• Supplied material
- - - - - - -
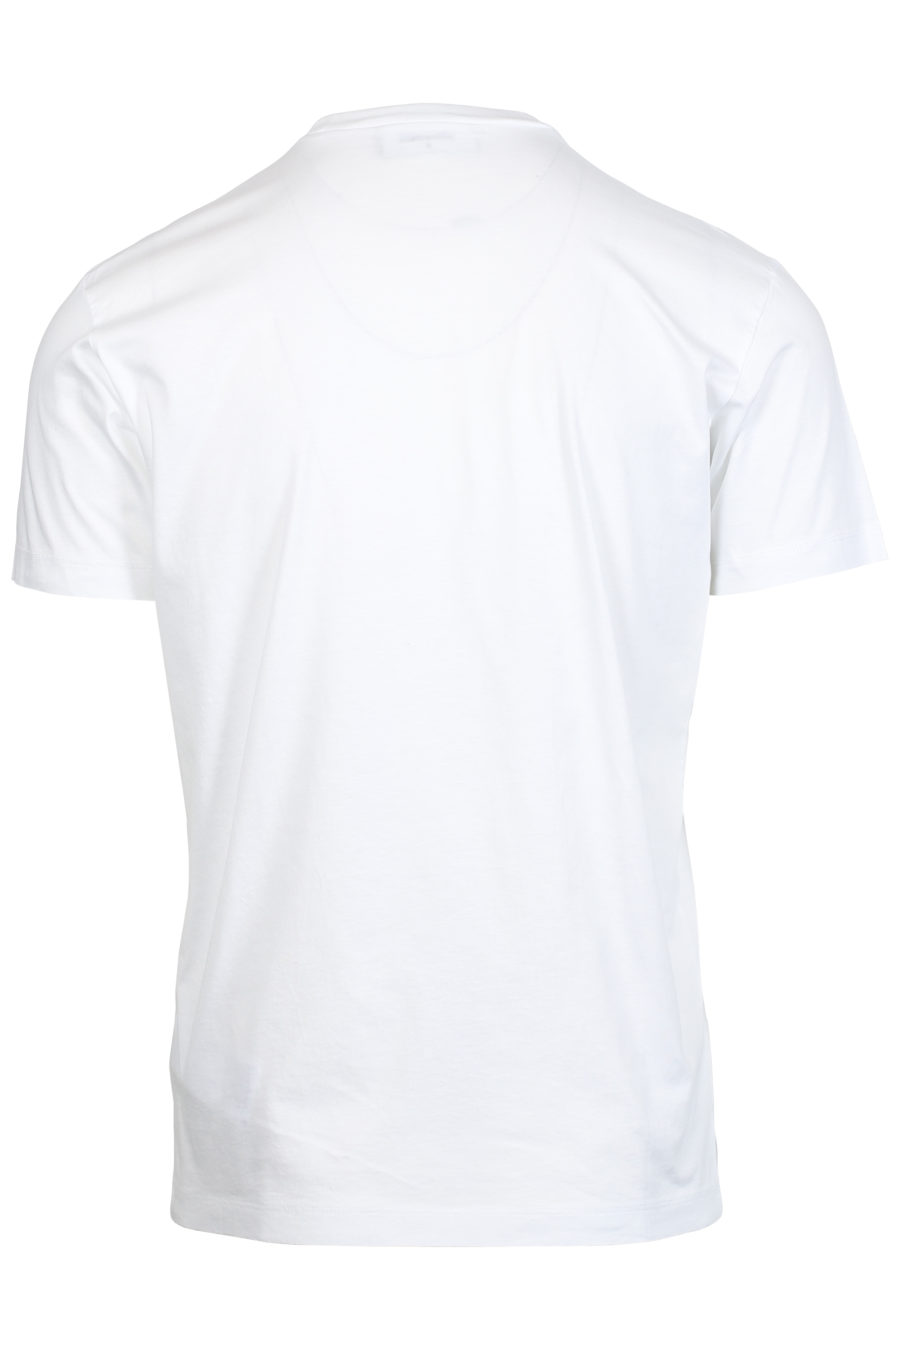 Weißes T-Shirt mit Blattaufdruck - IMG 2405
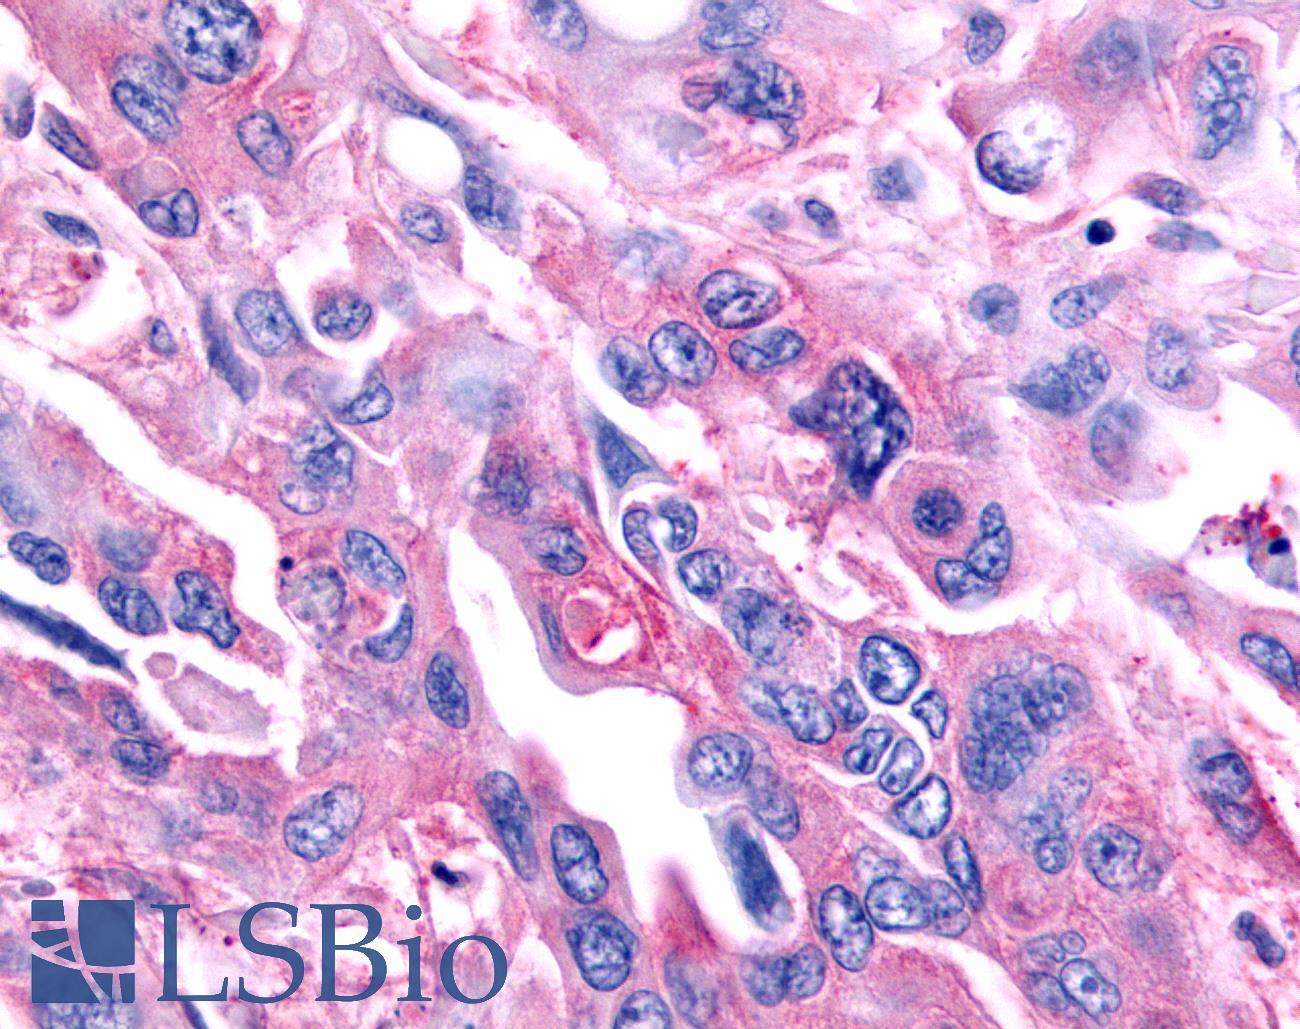 NR0B2 Antibody - Pancreas, carcinoma
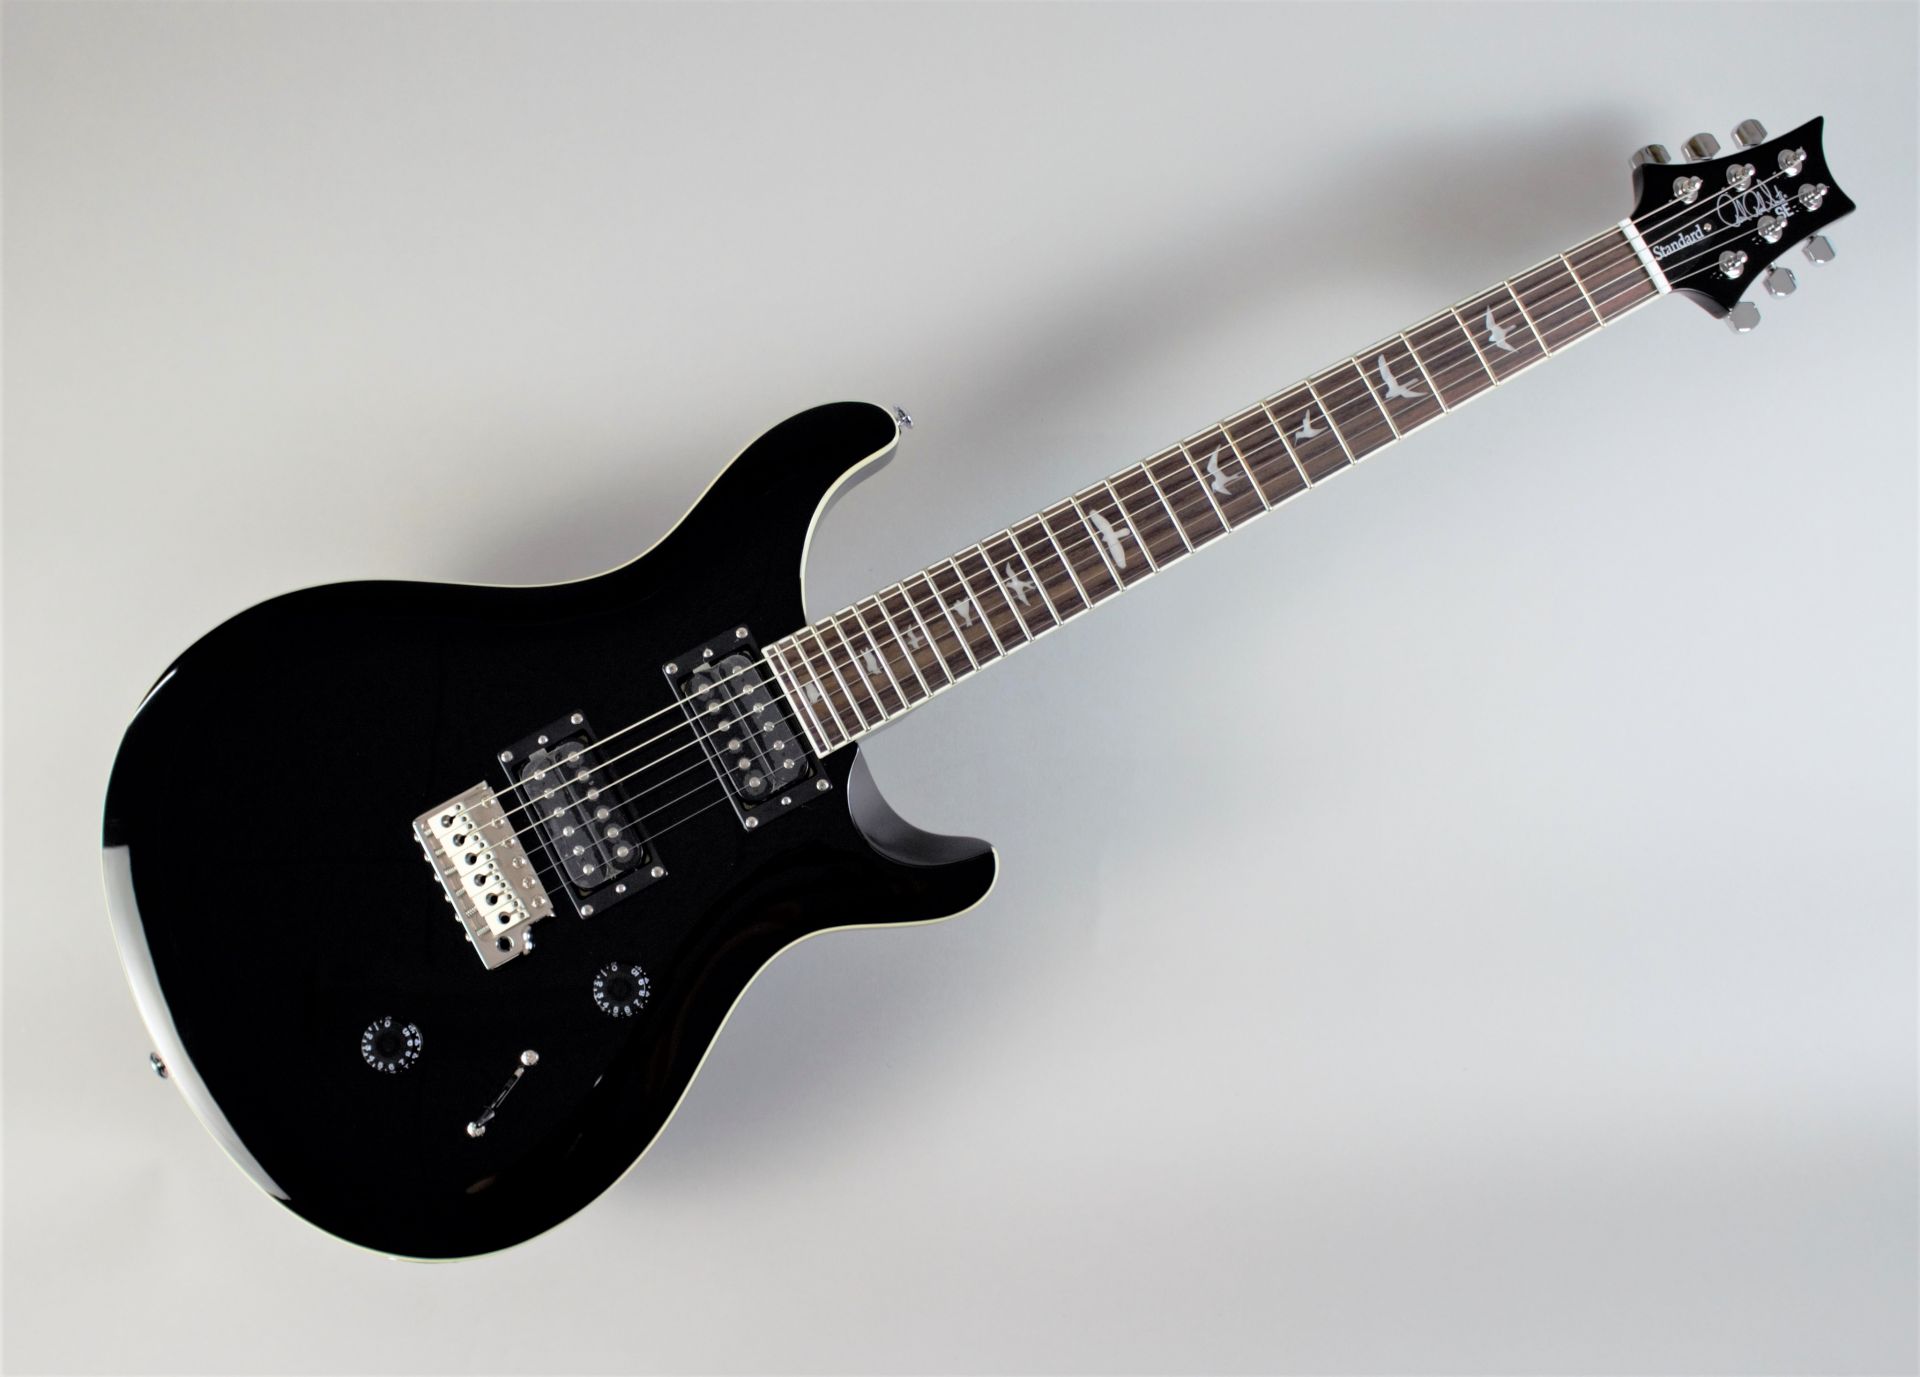 *精悍なBLACKカラーを身にまとったSE Standard 24 「初めてのギター」にも「“これぞ”の1本」にも最適なギター「PRS SE Standard 24」 今回このオリジナルカラーを採用した島村楽器オーダーモデルが発売します。 - PRS STANDARD 24シリーズをベースにしたディ […]
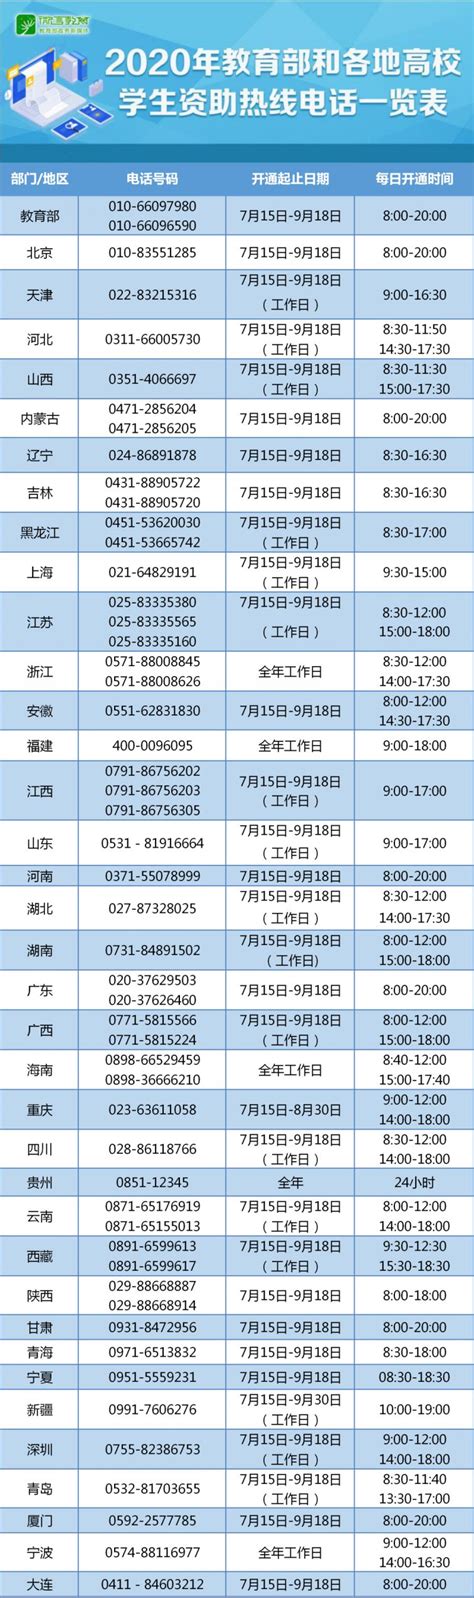 2020年高校学生资助热线电话一览表- 温州本地宝
- - - - - - -
• Directions for this task
The listing above, line by line: print it exactly, but not its pictures.

• The completed task
 Weißes T-Shirt mit Blattaufdruck - IMG 2405
 NR0B2 Antibody - Pancreas, carcinoma
 *精悍なBLACKカラーを身にまとったSE Standard 24 「初めてのギター」にも「“これぞ”の1本」にも最適なギター「PRS SE Standard 24」 今回このオリジナルカラーを採用した島村楽器オーダーモデルが発売します。 - PRS STANDARD 24シリーズをベースにしたディ […]
 2020年高校学生资助热线电话一览表- 温州本地宝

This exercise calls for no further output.